Andrea wusste, dass sie aussteigen musste, wenn sie verhindern wollte, dass sie allein in einer fremden Stadt landete. Irgendwie hatte sie es ja von Anfang an gewusst, aber inzwischen hatte sich dieses ungute Gefühl in ihrem Bauch ausgebreitet und verursachte schreckliche Magenschmerzen. Die Sorte von Magenschmerzen, die nur dann verschwand, wenn man umgehend das tat, was man selbst für richtig hielt.
„Micheal!“ Natürlich hörte er sie nicht. Als sie ihn an der Schulter berührte, fuhr er erschrocken zusammen und konnte gerade noch verhindern, dass er das Auto in den Graben lenkte.
„Kannst du mal kurz anhalten, ich will aussteigen.“
Susanne sah sie an, als hätte sie den Verstand verloren. „Denkst du nicht, dass es noch ein bisschen früh für die erste Pause ist?“
Andrea ignorierte die Bemerkung, griff nach ihrer Tasche und trat an den Straßenrand, sobald das Auto zum Stehen gekommen war.
„Sag mal, spinnst du? Was soll denn das jetzt werden?“
Susanne war ausgestiegen und sah sie mit einer Mischung aus Ärger und Verständnislosigkeit an.
„Ganz ehrlich, Susanne, ich weiß nicht, wozu du mich überhaupt noch brauchst. Du wolltest raus aus dem Dorf und was Neues erleben, nicht ich.“
„Oh verstehe, du hast auf einmal doch Angst bekommen. Hätte ich mir eigentlich denken können. Du kannst nie irgendetwas zu Ende bringen!“
„Es geht doch nicht darum, es ist einfach so, dass du was Neues anfangen willst und ich eben noch nicht.“
„Du denkst, ich mache das Alles nur so aus Spaß? Du hast echt keine Ahnung, Andrea! Verdammt, ich hab den Abschluss nicht geschafft. Ich will weg von Zuhause, weil ich genau weiß, was für einen Aufstand das gibt. Ich bin nicht nur zu einem kleinen Abenteuer aufgebrochen, ich bin wirklich weggelaufen! Für mich ist nicht Alles so einfach, wie du denkst. Mir kommt nicht Alles zugeflogen, ohne das ich etwas dafür tun muss und ich würde das hier nicht machen, wenn ich es nicht wirklich für nötig halten würde!“
Einen Moment lang herrschte Schweigen.

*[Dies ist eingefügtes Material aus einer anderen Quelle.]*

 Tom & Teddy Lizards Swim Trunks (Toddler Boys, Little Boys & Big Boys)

Man hörte nichts als das leise Brummen des Motors neben ihnen.
„Warum hast du mir das nie gesagt?“ Andrea fühlte sich mit einem Mal so anders als zuvor, schuldig, gemein und irgendwie traurig.

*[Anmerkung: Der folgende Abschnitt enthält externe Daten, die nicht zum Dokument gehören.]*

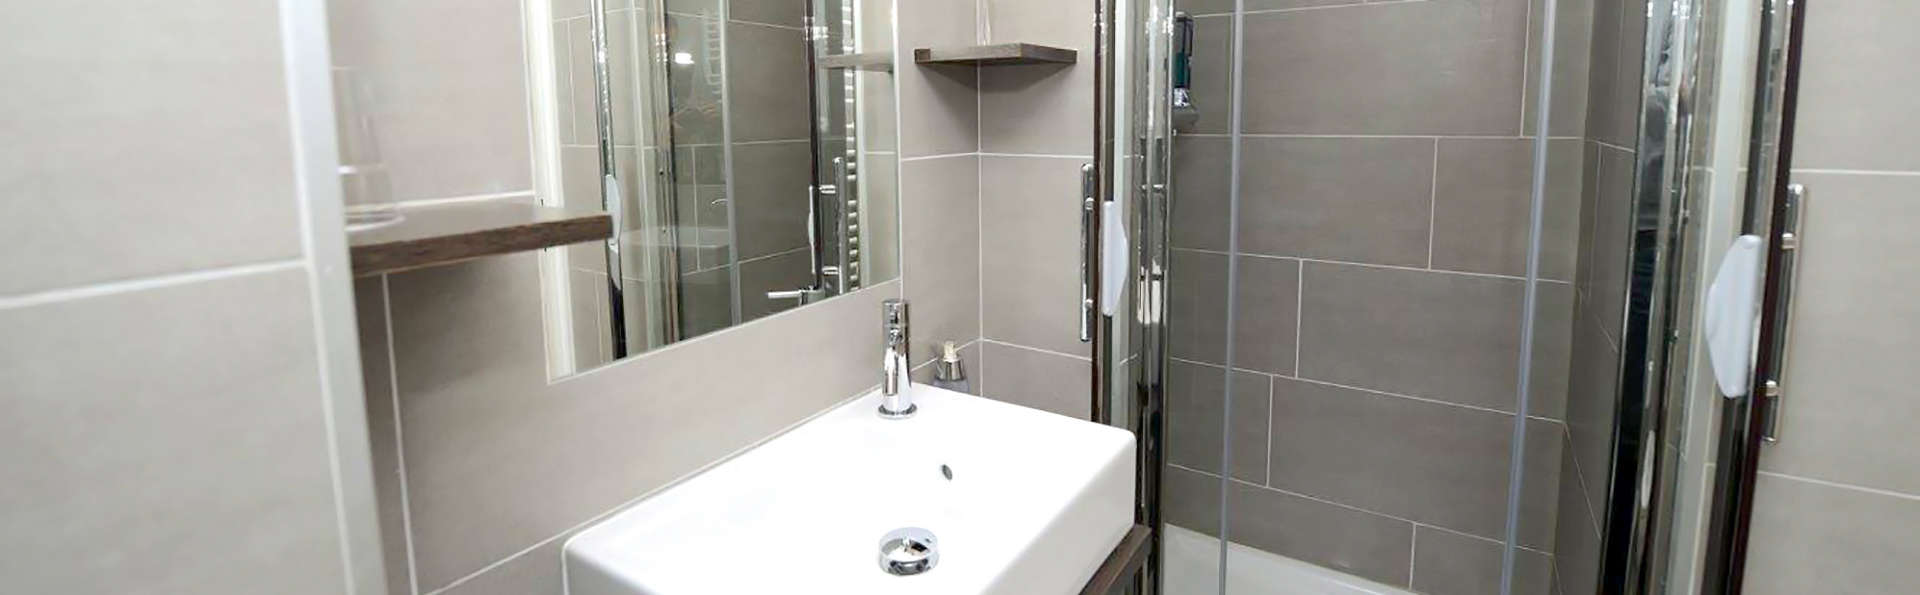 Hôtel Valpre - Edit_Bathroom.jpg

„Ich konnte es nicht und ich weiß nicht, warum. Vielleicht, weil jetzt ein neuer Abschnitt beginnt und wir daran eben nichts ändern können. Wenn du wirklich zurück willst, dann soll es so sein. Dann habe ich mich eben anders entschieden, als du. Sollen wir dich zurück zum Dorf bringen?“
Andrea hatte genickt und wenig später hatte sie sich wieder in ihr Zimmer geschlichen.
Susanne war nicht lange weggeblieben. Andrea hatte nie erfahren, aus welchem Grund genau sie so schnell wieder zurückgekommen war, weil ihre Wege sich in dieser Nacht getrennt und danach nie wieder gekreuzt hatten.

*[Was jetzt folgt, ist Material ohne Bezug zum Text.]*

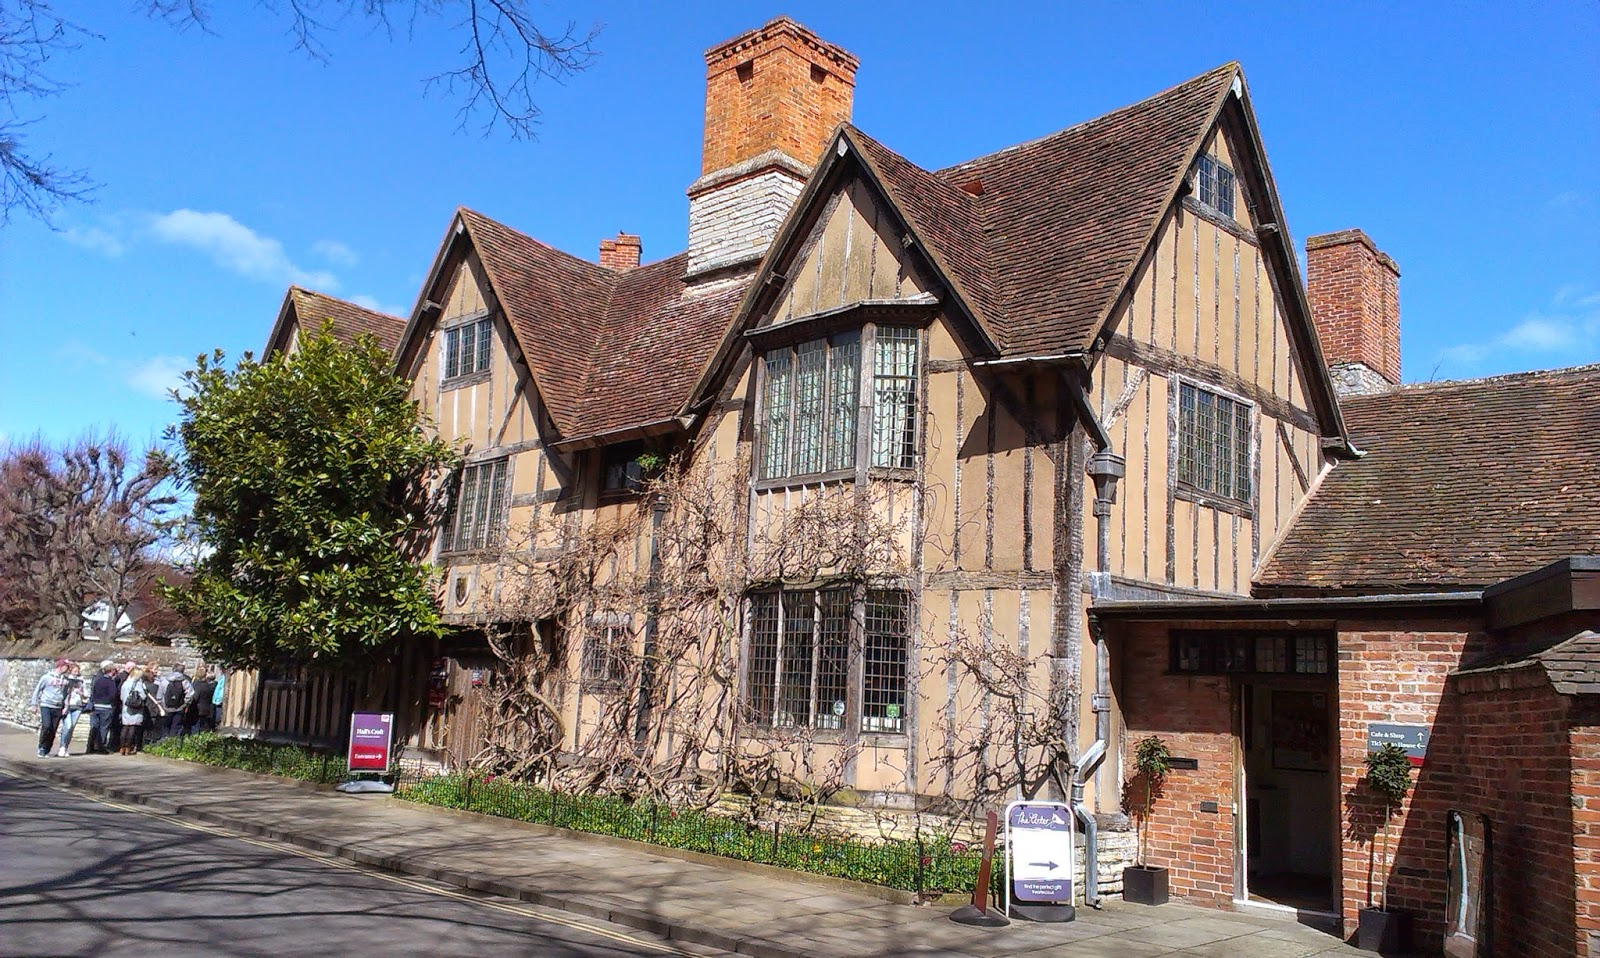 Hall's Croft, Stratford upon Avon

Andrea war zum Studieren nach Wiesbaden gezogen und Susanne hatte ihr Abitur nachgeholt.
In den darauf folgenden Jahren waren beide nie mehr nach Kröverath zurückgegangen und beide hatten sich bis zu diesem Tag nie wiedergesehen.
„Es ist schon komisch“, dachte Andrea, als sie zusah, wie Susanne und der grauhaarige Mann aufstanden und sich lachend entfernten, „es ist wirklich komisch, wie plötzlich etwas so Großes vorbei sein kann.“
Aber sie musste wohl einsehen, dass es so war, wie damals mit den Beatles und den Stones: Irgendwann hatte Alles mal ein Ende. Es musste wohl so sein, damit immer wieder etwas Neues beginnen konnte.